== Extracted records

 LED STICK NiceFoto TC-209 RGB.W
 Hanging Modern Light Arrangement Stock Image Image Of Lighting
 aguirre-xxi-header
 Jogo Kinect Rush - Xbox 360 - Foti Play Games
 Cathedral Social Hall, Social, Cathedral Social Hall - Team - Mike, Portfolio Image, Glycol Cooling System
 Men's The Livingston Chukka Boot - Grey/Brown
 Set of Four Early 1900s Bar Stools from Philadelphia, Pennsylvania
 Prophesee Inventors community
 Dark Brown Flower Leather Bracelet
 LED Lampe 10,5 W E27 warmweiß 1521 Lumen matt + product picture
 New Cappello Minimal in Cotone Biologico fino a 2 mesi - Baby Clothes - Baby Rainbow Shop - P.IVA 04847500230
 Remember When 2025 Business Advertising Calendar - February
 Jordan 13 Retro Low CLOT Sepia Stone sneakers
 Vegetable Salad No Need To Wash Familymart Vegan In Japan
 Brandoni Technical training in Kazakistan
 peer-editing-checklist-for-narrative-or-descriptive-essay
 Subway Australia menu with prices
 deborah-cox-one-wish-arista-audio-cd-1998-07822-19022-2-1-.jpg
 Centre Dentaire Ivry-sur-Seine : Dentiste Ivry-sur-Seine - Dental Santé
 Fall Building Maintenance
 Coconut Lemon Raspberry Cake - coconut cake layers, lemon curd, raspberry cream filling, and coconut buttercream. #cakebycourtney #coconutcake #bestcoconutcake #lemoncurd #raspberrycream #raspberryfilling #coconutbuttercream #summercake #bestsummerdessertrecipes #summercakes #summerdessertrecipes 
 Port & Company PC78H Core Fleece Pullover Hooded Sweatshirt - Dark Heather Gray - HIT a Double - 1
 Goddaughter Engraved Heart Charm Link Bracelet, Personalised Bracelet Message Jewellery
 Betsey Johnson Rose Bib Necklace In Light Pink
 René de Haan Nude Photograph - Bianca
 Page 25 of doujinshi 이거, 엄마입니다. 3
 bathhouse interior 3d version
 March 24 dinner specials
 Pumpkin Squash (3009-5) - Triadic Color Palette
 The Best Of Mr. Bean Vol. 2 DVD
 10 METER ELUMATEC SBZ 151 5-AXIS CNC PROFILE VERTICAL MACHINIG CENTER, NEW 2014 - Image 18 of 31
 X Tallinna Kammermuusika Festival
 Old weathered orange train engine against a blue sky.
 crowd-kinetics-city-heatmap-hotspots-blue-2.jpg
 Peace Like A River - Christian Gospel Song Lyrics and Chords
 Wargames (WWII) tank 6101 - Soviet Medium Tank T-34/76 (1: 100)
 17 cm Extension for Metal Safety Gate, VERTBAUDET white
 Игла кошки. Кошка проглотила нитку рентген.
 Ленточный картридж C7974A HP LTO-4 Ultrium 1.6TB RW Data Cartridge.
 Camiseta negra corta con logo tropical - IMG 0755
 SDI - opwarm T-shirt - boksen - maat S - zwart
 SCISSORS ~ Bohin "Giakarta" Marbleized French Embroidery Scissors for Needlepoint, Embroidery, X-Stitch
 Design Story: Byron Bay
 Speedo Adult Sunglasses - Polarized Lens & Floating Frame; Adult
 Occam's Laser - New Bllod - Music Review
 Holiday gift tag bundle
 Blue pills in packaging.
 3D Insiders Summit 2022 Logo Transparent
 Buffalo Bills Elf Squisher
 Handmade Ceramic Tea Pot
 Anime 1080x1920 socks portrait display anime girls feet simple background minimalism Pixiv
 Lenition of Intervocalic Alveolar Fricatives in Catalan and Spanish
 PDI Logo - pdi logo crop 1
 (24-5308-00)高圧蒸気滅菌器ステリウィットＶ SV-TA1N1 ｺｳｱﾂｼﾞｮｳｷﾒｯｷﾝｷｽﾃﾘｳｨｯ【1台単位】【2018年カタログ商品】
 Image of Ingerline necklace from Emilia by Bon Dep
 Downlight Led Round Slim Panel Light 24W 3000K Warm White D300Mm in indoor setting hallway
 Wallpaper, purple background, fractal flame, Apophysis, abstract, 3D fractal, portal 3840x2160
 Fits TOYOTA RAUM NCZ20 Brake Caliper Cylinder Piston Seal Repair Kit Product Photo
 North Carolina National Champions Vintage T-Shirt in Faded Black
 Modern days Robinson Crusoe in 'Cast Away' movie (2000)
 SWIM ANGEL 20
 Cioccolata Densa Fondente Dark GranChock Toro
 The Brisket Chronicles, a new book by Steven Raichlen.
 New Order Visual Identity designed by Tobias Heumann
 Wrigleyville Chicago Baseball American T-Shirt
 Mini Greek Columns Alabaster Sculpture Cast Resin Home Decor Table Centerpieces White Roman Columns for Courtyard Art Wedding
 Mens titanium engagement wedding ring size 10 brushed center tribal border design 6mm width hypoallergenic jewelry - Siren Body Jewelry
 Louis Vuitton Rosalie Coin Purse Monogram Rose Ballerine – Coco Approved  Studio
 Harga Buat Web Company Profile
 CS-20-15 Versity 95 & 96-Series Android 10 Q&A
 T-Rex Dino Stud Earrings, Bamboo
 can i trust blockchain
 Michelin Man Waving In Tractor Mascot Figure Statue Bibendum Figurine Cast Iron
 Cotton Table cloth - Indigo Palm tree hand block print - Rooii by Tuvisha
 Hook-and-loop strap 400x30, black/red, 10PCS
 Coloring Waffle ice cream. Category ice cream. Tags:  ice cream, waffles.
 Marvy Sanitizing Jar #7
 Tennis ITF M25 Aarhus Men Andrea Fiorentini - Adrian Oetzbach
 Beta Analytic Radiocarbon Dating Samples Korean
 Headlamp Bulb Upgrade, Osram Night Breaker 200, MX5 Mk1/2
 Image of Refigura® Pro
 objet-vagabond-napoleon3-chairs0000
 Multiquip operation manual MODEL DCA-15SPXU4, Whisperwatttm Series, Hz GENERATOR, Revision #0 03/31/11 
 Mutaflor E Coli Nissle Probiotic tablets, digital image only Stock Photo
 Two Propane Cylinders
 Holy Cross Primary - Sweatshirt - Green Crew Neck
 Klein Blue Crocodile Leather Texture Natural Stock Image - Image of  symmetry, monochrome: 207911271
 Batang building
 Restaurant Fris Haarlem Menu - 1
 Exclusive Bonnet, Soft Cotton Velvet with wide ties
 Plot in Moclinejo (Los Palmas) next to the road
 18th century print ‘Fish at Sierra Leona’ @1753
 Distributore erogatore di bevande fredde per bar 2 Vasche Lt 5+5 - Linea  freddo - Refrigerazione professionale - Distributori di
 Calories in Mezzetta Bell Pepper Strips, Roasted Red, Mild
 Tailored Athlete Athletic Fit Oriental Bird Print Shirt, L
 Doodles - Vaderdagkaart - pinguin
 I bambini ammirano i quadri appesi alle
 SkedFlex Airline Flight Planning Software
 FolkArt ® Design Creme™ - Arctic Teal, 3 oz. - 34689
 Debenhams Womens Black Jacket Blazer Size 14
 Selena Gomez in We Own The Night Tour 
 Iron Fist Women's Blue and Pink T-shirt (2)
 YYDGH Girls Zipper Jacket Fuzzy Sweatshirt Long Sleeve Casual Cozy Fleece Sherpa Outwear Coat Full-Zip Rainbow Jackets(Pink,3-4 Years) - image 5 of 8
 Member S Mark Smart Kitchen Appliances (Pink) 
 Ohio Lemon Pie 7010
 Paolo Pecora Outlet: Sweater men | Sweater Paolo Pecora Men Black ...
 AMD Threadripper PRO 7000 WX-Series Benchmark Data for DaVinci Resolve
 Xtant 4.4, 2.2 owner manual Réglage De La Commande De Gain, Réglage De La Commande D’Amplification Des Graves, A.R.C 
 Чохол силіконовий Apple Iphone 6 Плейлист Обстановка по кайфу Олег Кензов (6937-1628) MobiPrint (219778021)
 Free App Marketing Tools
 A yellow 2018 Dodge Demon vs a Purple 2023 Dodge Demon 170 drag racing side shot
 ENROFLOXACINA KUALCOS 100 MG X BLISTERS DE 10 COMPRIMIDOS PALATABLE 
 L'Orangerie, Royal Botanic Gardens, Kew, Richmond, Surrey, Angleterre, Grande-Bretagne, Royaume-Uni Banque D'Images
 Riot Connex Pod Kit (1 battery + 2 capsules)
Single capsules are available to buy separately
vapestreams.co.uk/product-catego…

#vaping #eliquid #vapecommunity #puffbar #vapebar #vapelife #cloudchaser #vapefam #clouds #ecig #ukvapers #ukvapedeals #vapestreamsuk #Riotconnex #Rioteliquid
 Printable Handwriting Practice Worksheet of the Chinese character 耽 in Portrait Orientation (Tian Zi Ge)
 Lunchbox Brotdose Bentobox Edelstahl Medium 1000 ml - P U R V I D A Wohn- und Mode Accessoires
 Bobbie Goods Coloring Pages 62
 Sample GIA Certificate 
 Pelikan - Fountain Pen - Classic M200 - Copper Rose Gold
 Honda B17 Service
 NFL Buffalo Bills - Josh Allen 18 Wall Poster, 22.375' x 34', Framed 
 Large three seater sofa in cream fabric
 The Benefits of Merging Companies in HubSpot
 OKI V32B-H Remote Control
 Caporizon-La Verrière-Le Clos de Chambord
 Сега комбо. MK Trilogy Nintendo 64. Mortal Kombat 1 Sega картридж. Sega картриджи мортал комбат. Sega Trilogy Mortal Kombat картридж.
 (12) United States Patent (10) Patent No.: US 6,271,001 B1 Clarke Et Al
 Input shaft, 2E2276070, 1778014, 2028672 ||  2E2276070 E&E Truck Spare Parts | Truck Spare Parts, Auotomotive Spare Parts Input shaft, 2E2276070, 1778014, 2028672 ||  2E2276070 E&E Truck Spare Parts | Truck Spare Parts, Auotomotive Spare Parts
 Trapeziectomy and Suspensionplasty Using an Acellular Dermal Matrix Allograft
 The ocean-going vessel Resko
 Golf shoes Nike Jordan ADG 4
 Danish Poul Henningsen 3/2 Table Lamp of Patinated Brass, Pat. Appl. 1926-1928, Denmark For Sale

====

Where a line in the records above contains the string "Sweatshirt", return that line.

 Port & Company PC78H Core Fleece Pullover Hooded Sweatshirt - Dark Heather Gray - HIT a Double - 1
 Holy Cross Primary - Sweatshirt - Green Crew Neck
 YYDGH Girls Zipper Jacket Fuzzy Sweatshirt Long Sleeve Casual Cozy Fleece Sherpa Outwear Coat Full-Zip Rainbow Jackets(Pink,3-4 Years) - image 5 of 8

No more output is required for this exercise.